When visiting the Tuskegee Airmen Memorial at Sewickley Cemetery in Allegheny County, one name stands out among the dozens listed—that of Rosa Mae Willis Alford.
Alford, of New Brighton in Beaver County, is one in an “often forgotten cadre of women” associated with the World War II squadron of America's first Black military airmen.
Alford was a Mississippi native and skilled technician who attended the Tuskegee Institute (now Tuskegee University) in Alabama, where the airmen trained. She majored in home economics and worked her way through college by fixing the squadron’s primary training aircraft.
Alford would move to New Brighton with her husband, a native of Beaver County, after college. She went on to become the first Black home economics teacher at New Brighton High School in the 1950s. After receiving her master’s degree from Michigan State, she was hired as the first Black guidance counselor at Beaver Falls High School in the 1960s.
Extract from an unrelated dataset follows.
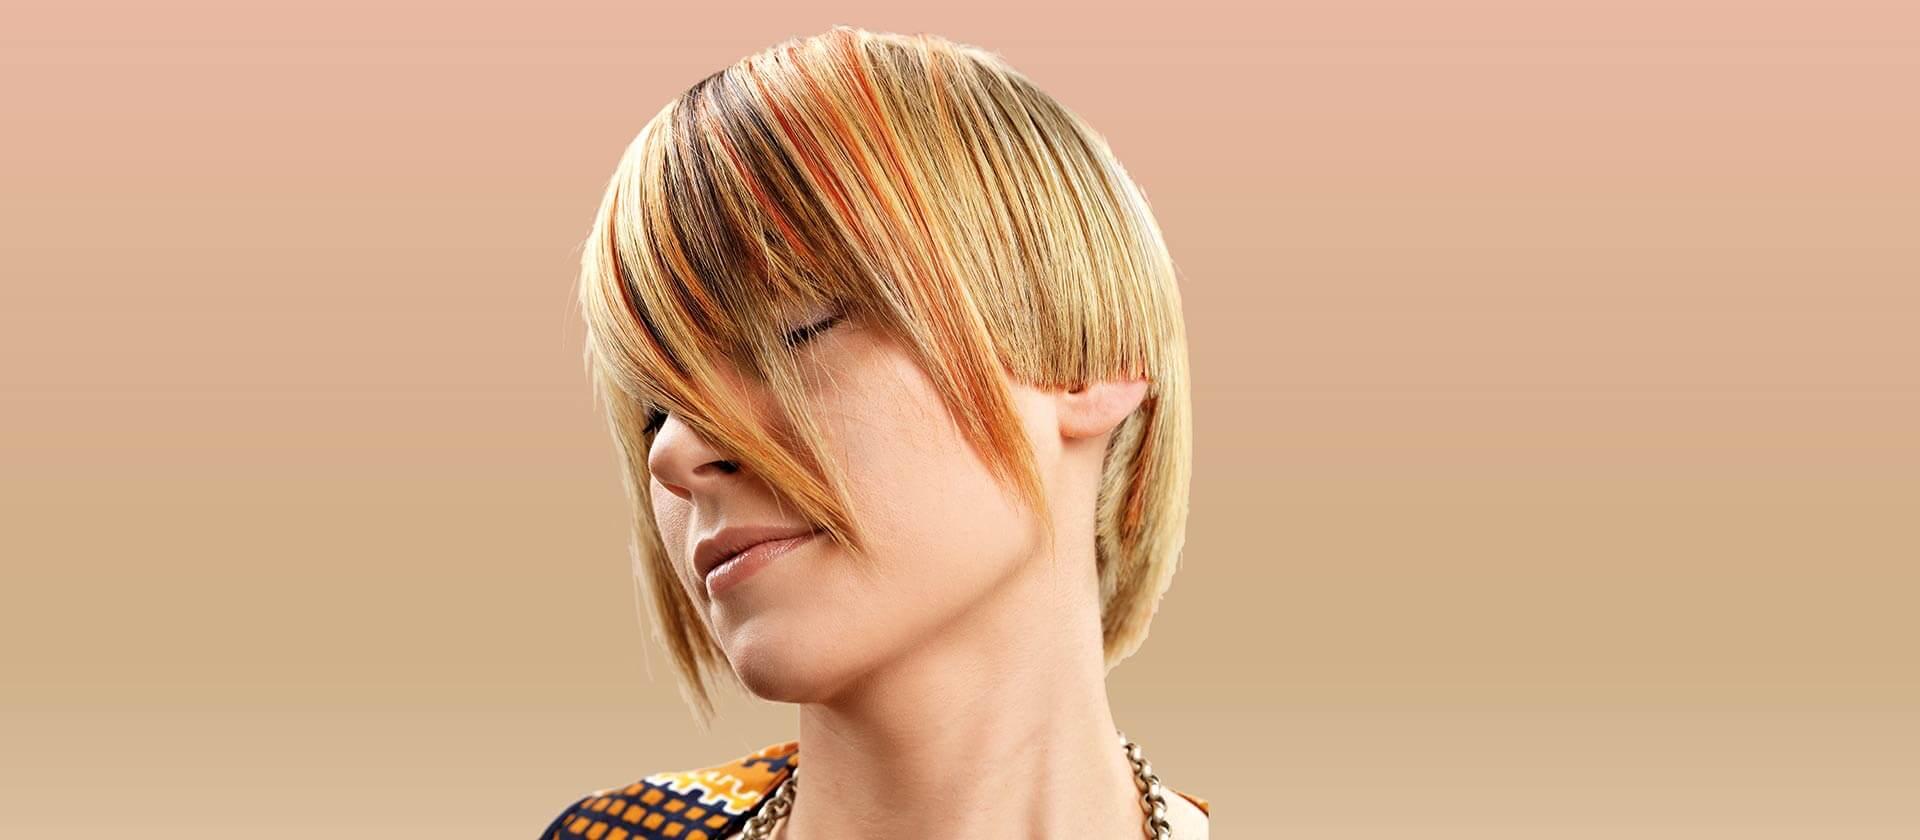 Caschetto femminile di capelli biondi lisci con colpi di sole e ciocche rosso mogano

Regis Bobonis Sr. — a historian, researcher, and Pittsburgh’s first Black TV news reporter — spoke with the Beaver County Times in 2015, one year before his death, recalling the first time he learned of Alford in a casual conversation with a relative.
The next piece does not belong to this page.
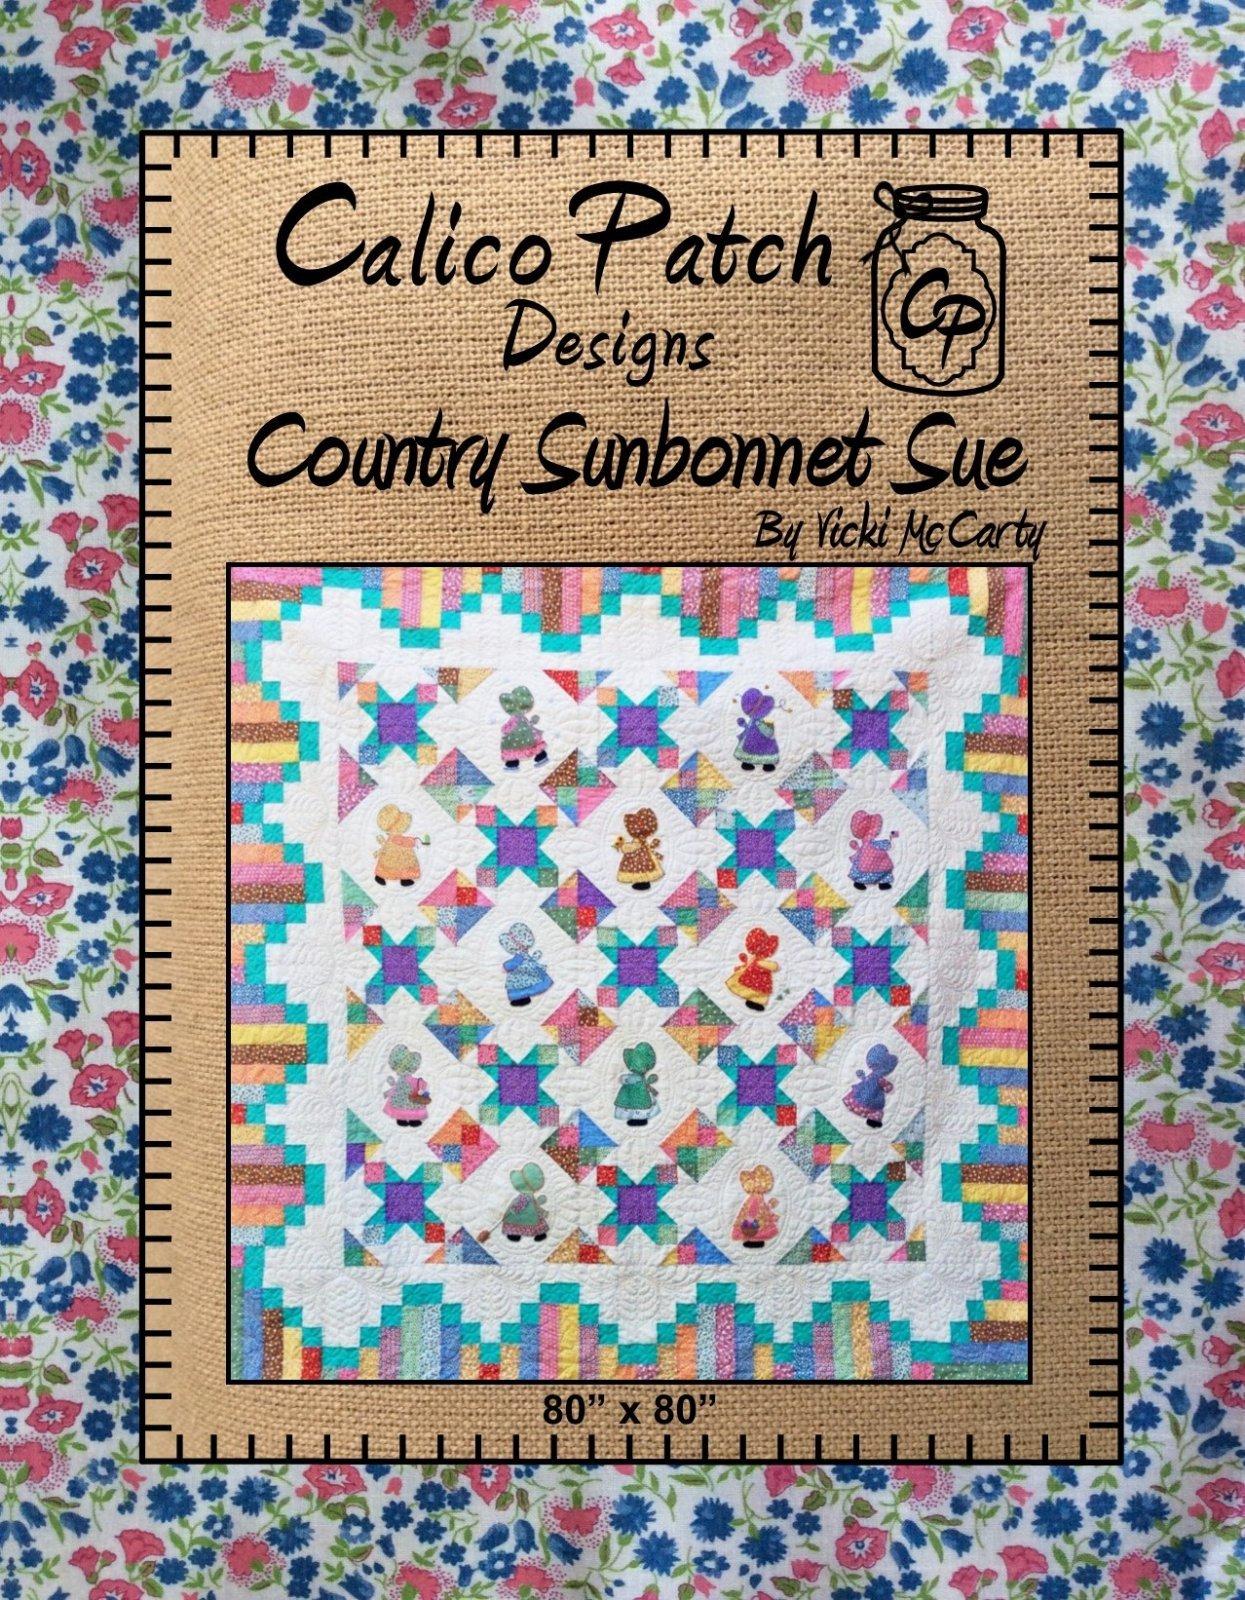 Country Sunbonnet Sue

“The family member was where I was doing research and he said, 'You know there’s a woman,'” Bobonis told the paper.
Alford died in 2011, her remarkable life recounted in this obituary. Two years later, the airmen memorial bearing her name was dedicated in Sewickley. She is the only woman listed.
Nearly 1 in 10 Tuskegee Airmen called Western Pennsylvania home. Pilots also hailed from Philadelphia and its surrounding suburbs.
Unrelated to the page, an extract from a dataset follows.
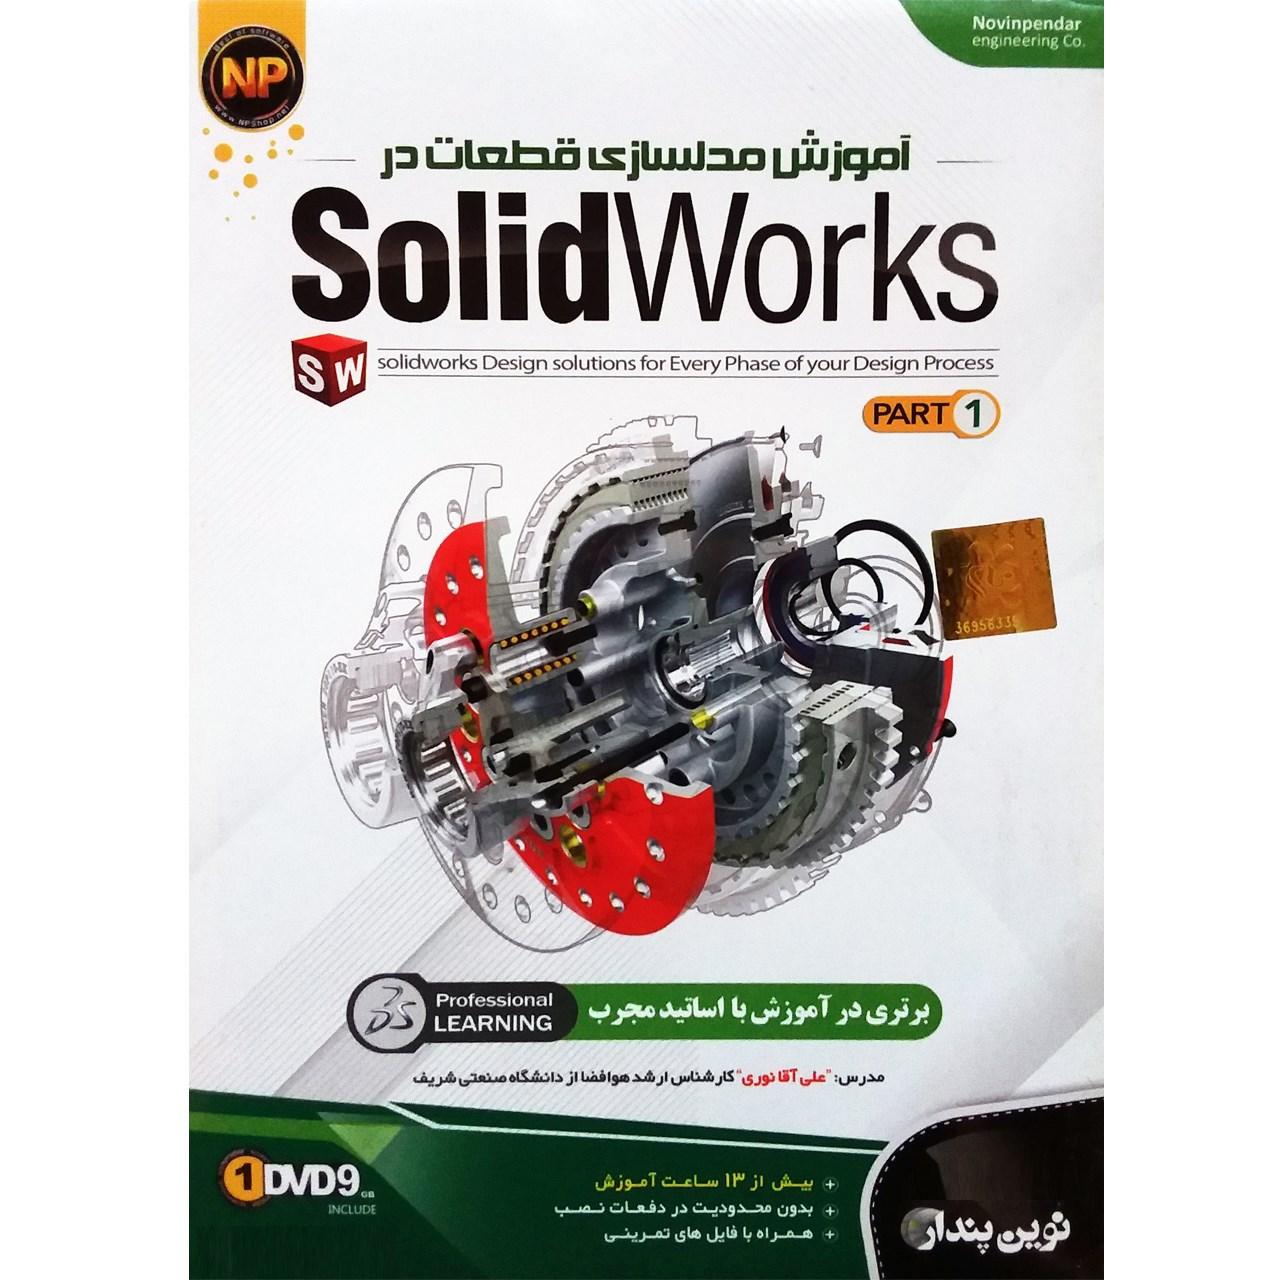 آموزش مدلسازی قطعات در Solidworks - پارت 1 نشر نوین پندار

Asked to explain the Pittsburgh area’s disproportionate share, Samuel Black, director of the African American program at the Heinz History Center, said, “Nobody really knows why."
The U.S. military was segregated, and many aspiring Black pilots were being denied the opportunity to fly. Under pressure in 1940, several years before the outbreak of World War II, President Franklin D. Roosevelt’s War Department established a flight program at historically Black colleges. They included the Tuskegee Institute, where a civilian pilot training program had launched years prior under the direction of a Bryn Mawr native named Charles Alfred Anderson, “the father of Black aviation.”
“There was already this consciousness on the part of African Americans in relation to the military and the role African Americans played in the 20th-century U.S. Army,” Black said. “The door was already open for African Americans to have different roles.”
Although white pilots were not allowed to fly more than 52 missions, the Tuskegee Airmen often flew up to 100 missions due to a lack of replacements, according to a Pitt-funded documentary: "Fly Boys: Western Pennsylvania's Tuskegee Airmen."
By the end of World War II, the Tuskegee Airmen had racked up thousands of combat stories, missions, medals, and commendations. But that didn’t guarantee acceptance.
Elaine Effort’s father, the late Sgt. Vernol Leapheart, was crew chief for then-Col. Benjamin O. Davis Jr., commander of the Tuskegee Airmen during World War II.
“They had a lot of racist comments about Blacks and their abilities,” Effort, a retired Pittsburgh news reporter, told PA Local. “They said, ‘We don't believe Blacks will stay and fight.’ The Tuskegee Airmen trained and trained, and they weren’t using them in action.”
Effort continued: “Finally Eleanor Roosevelt came down to Tuskegee. She made a point by getting in a plane. Word came from the White House that someone told them not to let her do it. She went up anyway. The assistant later said, ‘Have you ever tried to tell Elenor Roosevelt what to do?’”
In 2010, Bobonis discovered several men from Pittsburgh had been Tuskegee Airmen. He began to organize a memorial soon after.
“The more they looked into it the more they thought, ‘Oh wow, we really should do something to honor these guys,’” said Effort, who was part of the planning. “It seemed like it came together quickly. Once we started working on this, the pieces started falling into place.”
It is the largest outdoor Tuskegee Airmen memorial in the country. Another memorial is displayed in Concourse A of the Pittsburgh International Airport.
Some Tuskegee Airmen are still alive, carrying on the legacy.
“It is such a brilliant story. They faced all kinds of racial prejudice but they showed them what Black men and women could do,” Effort added.